Supplied material: Begin

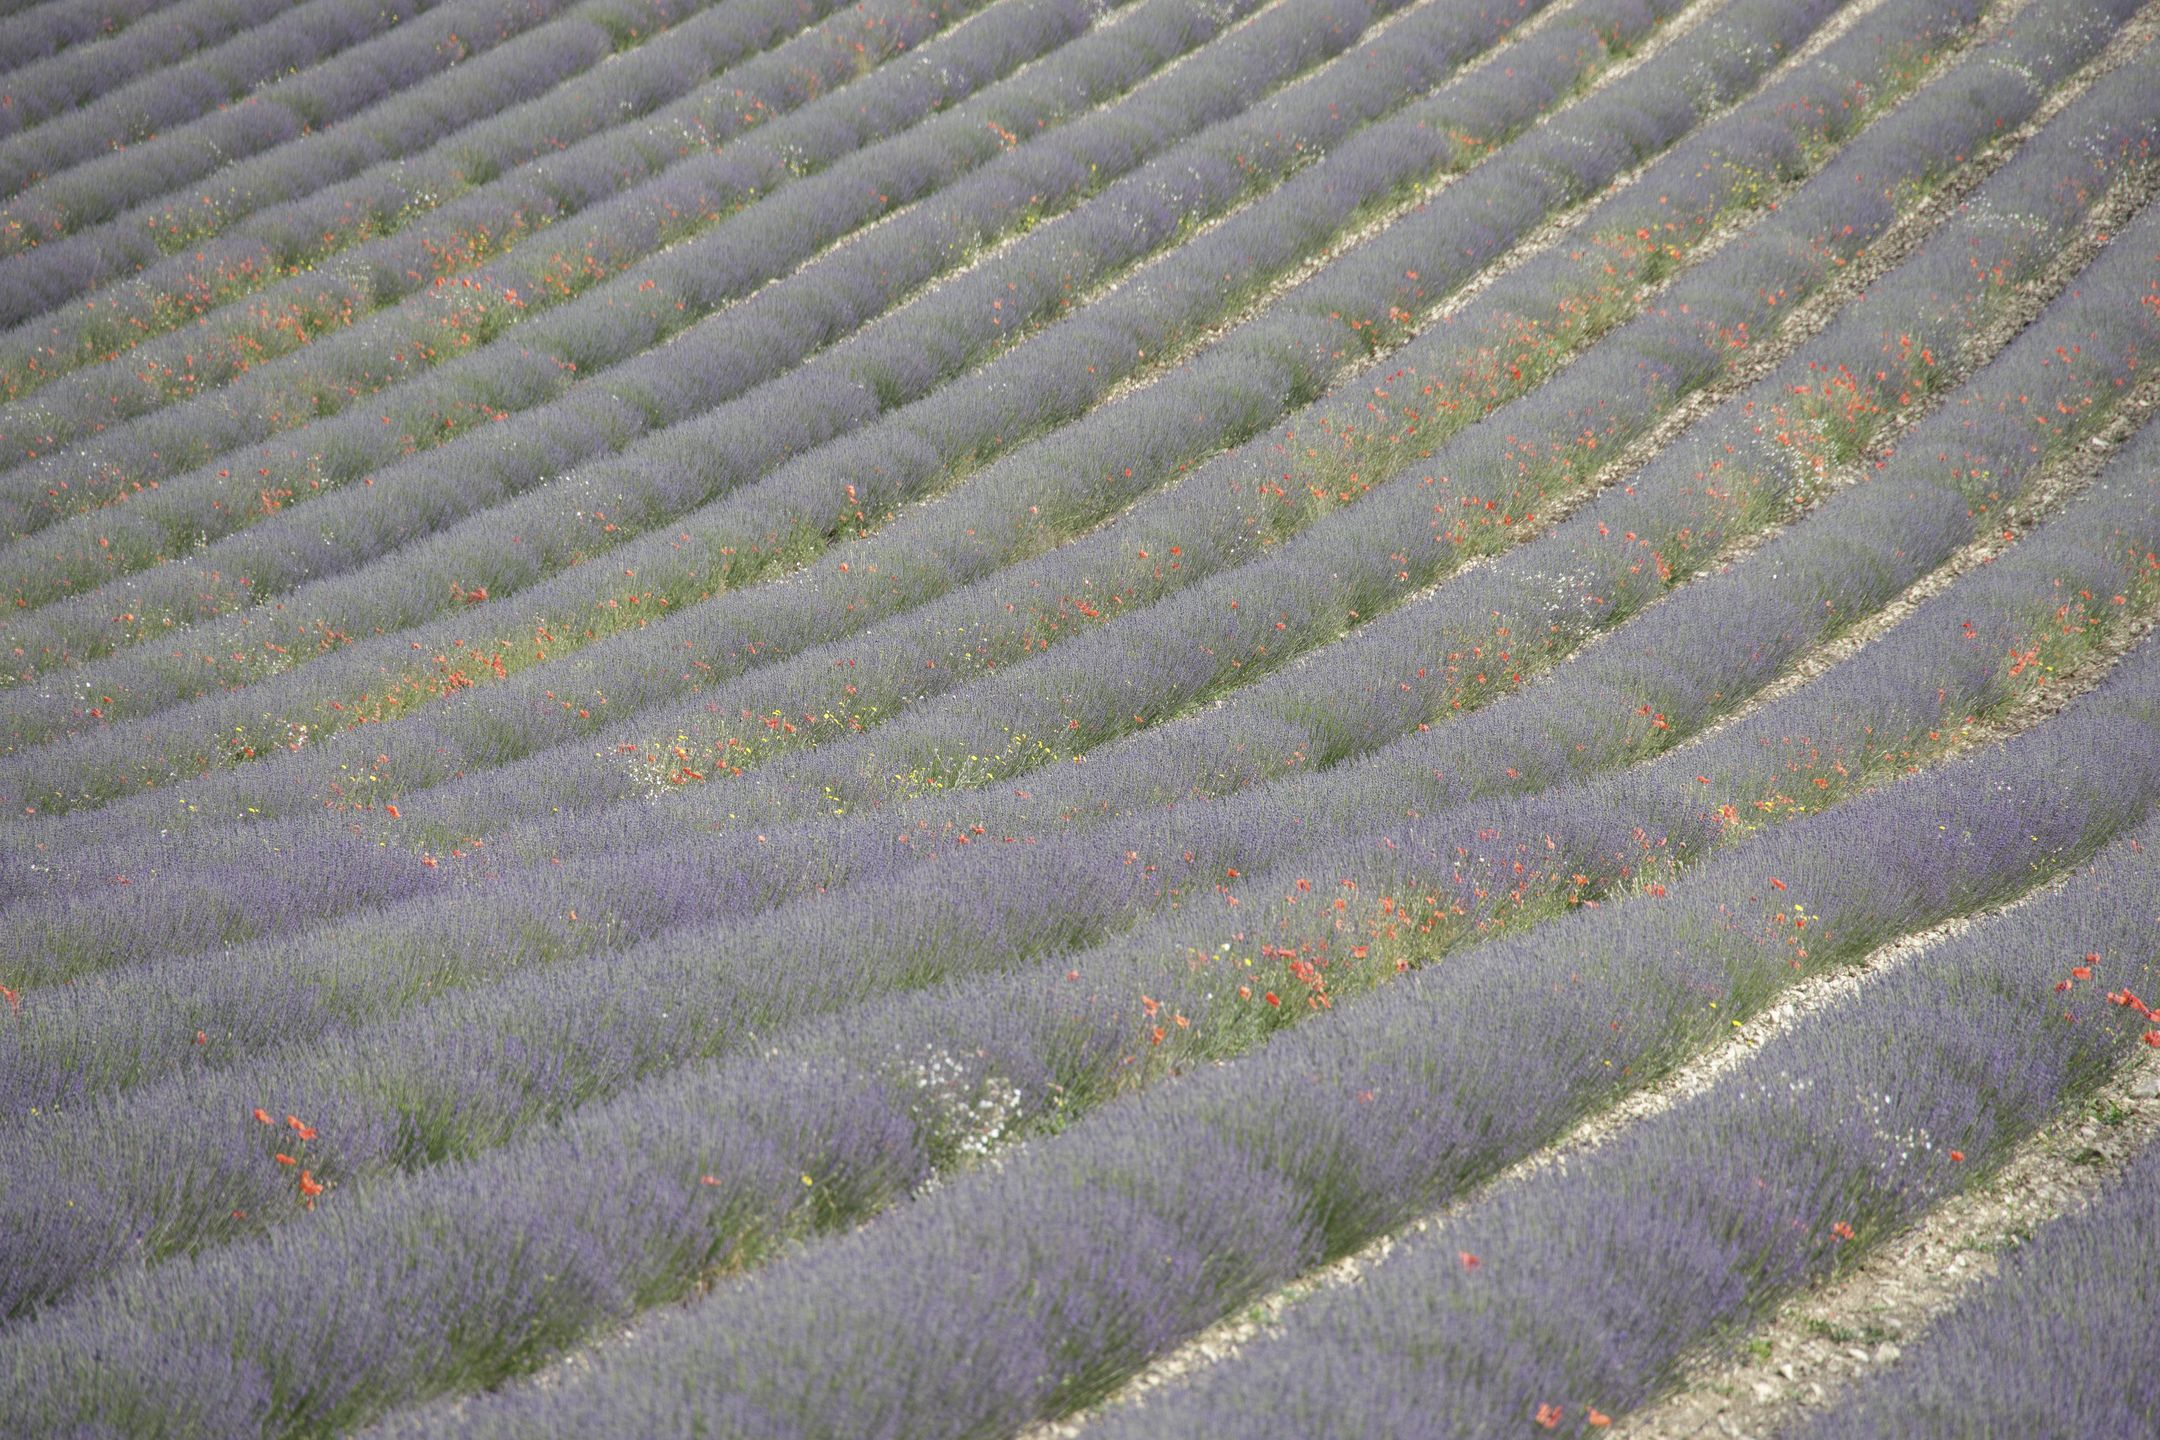 20210628-Provence-08-58-21-008
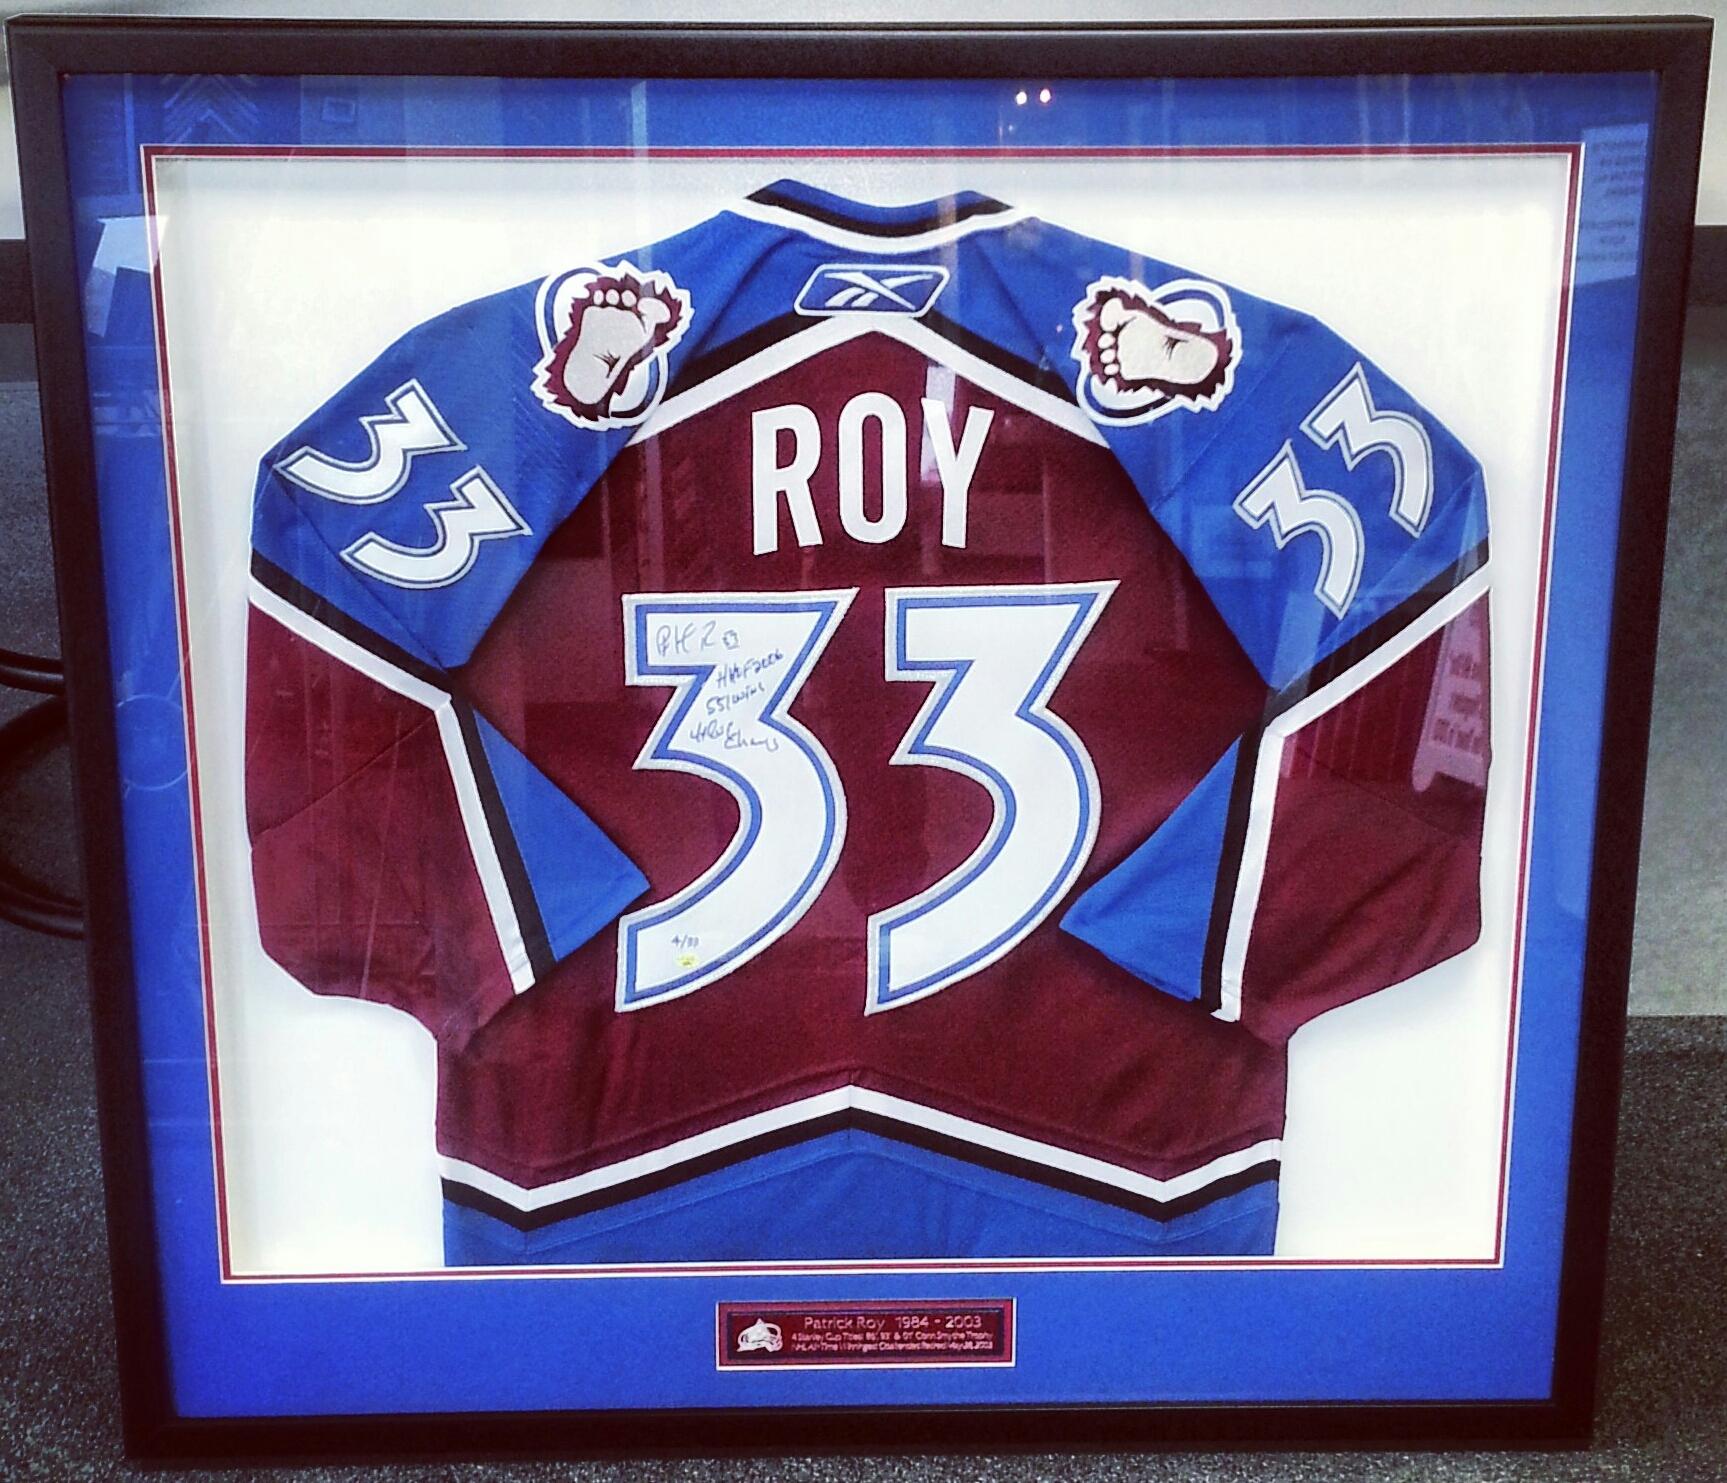 img_20130911_094505 1 custom framed patrick roy authentic colorado avalanche hockey jersey
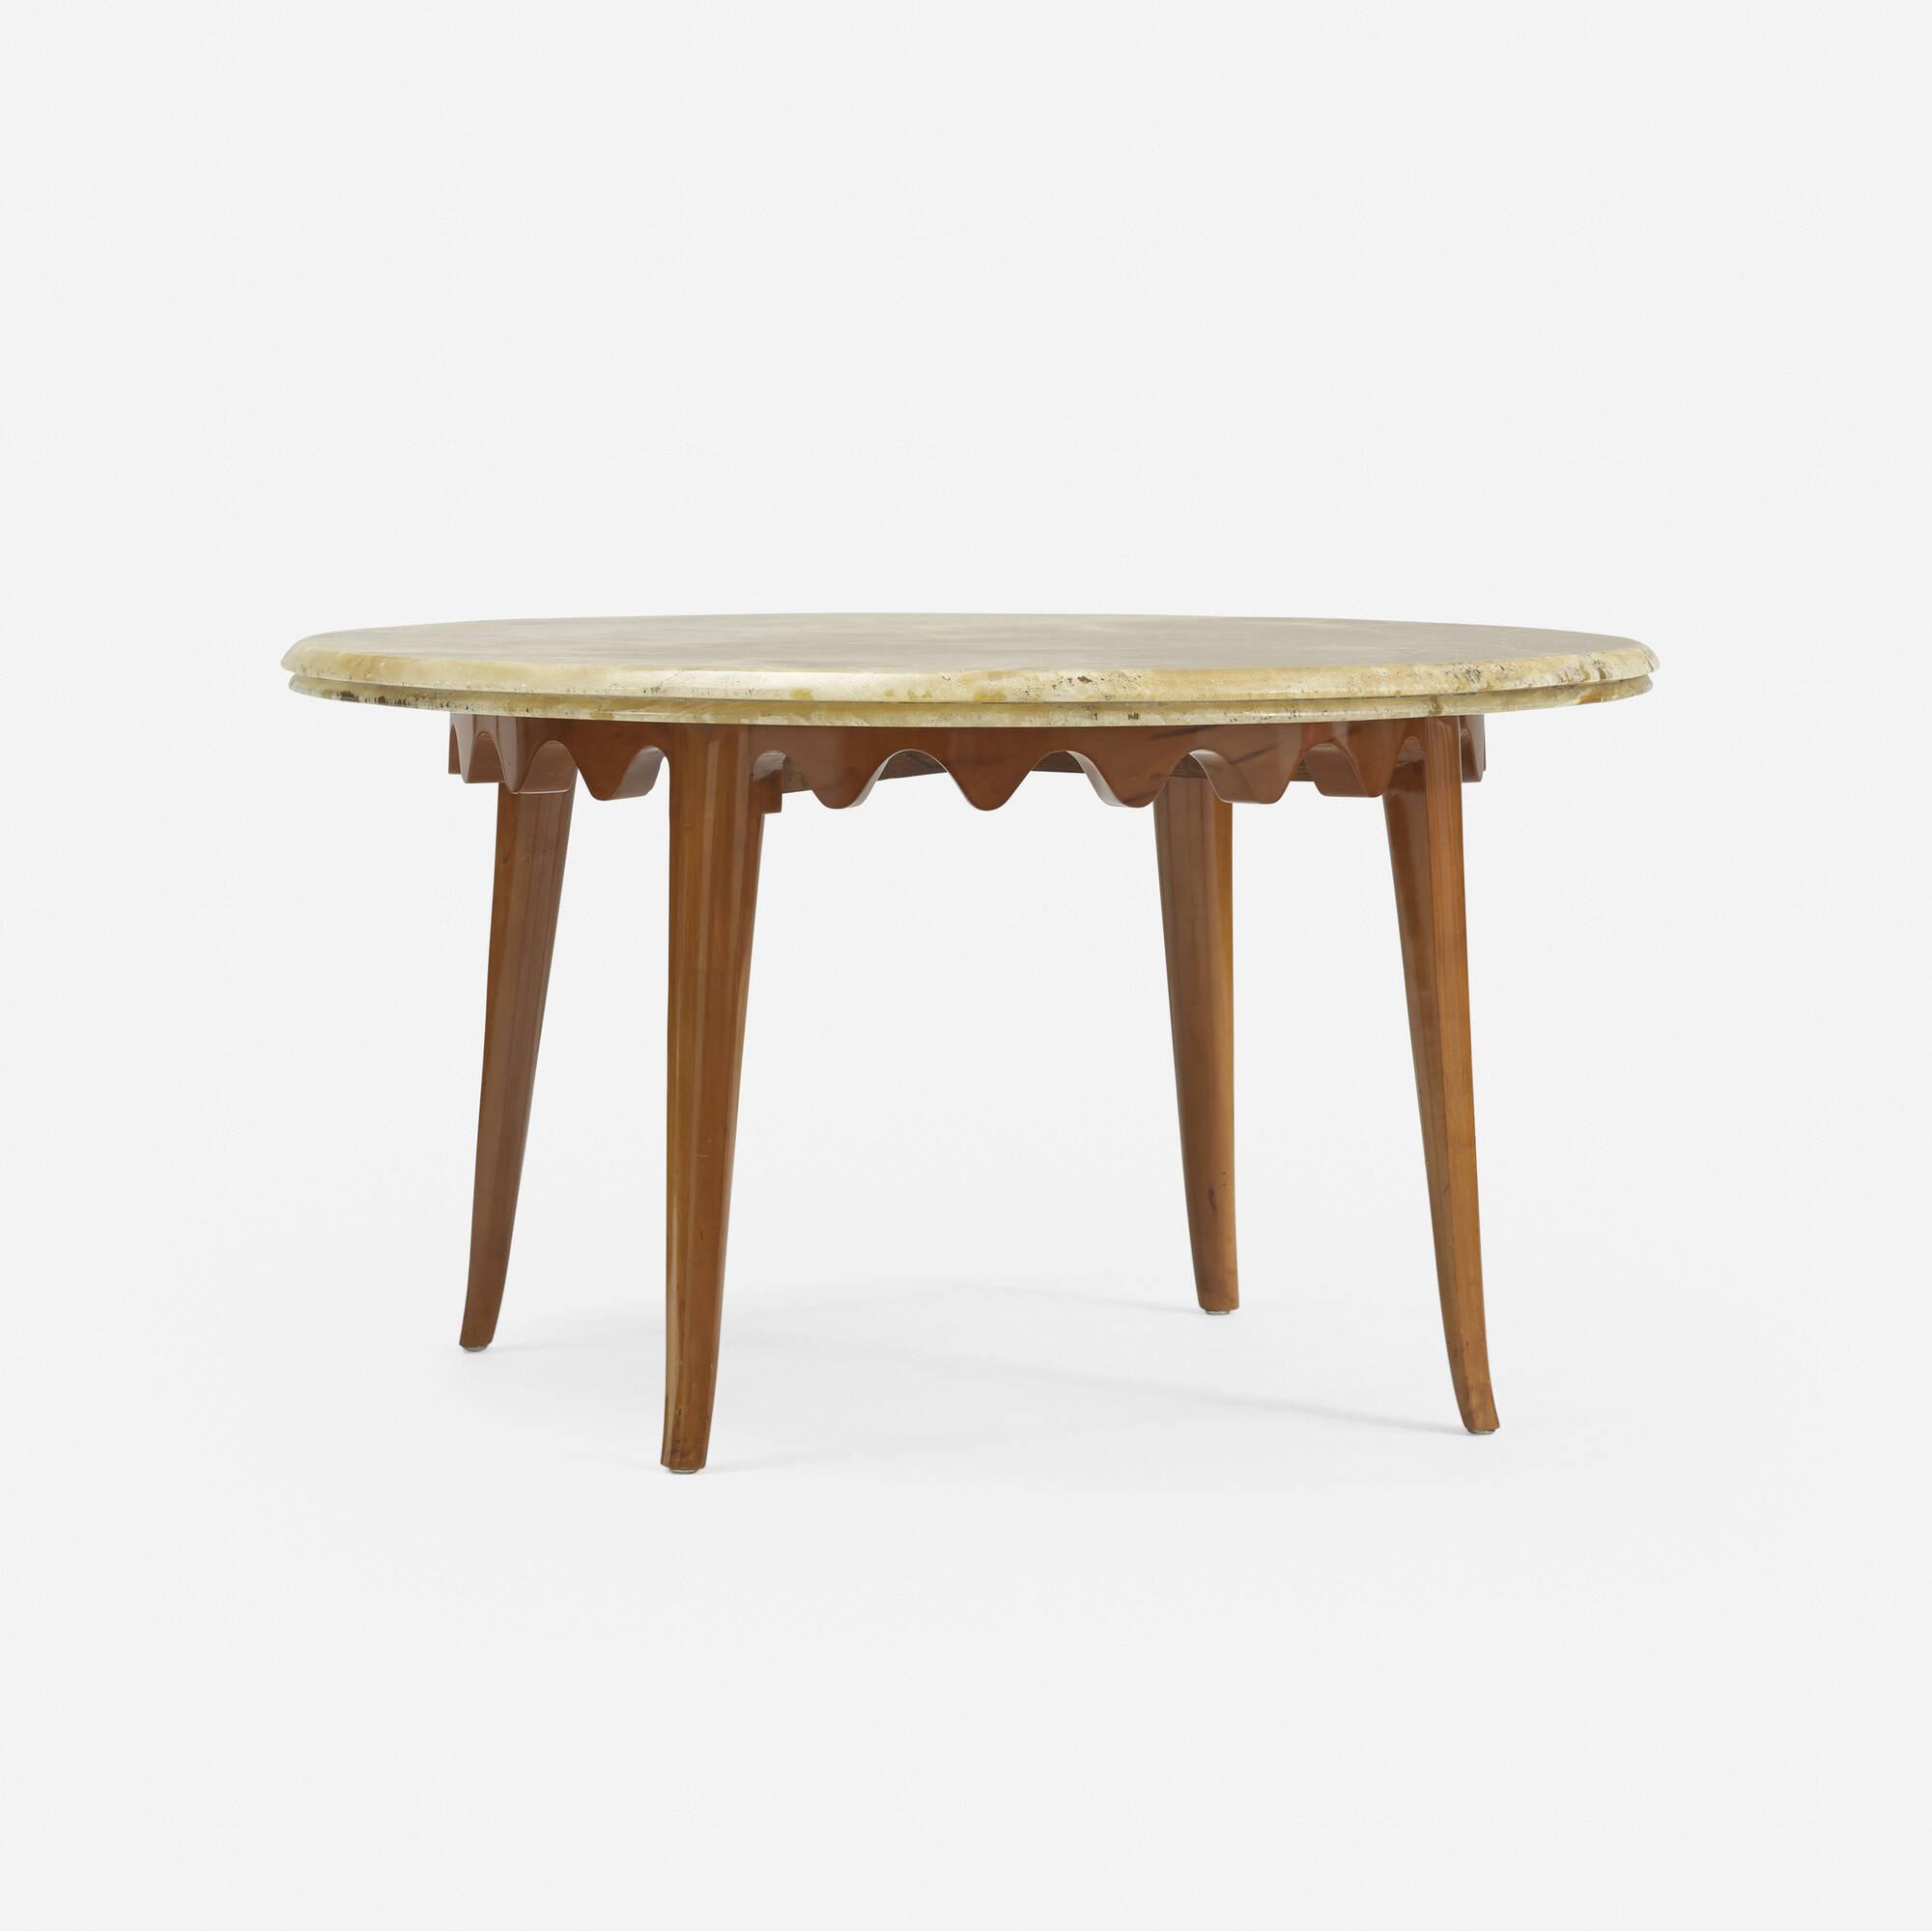 178: Osvaldo Borsani / coffee table (1 of 2)

Supplied material: End

Write the listing above out again exactly, but not the images it holds.

▸ Answer to this task:
 20210628-Provence-08-58-21-008
 img_20130911_094505 1 custom framed patrick roy authentic colorado avalanche hockey jersey
 178: Osvaldo Borsani / coffee table (1 of 2)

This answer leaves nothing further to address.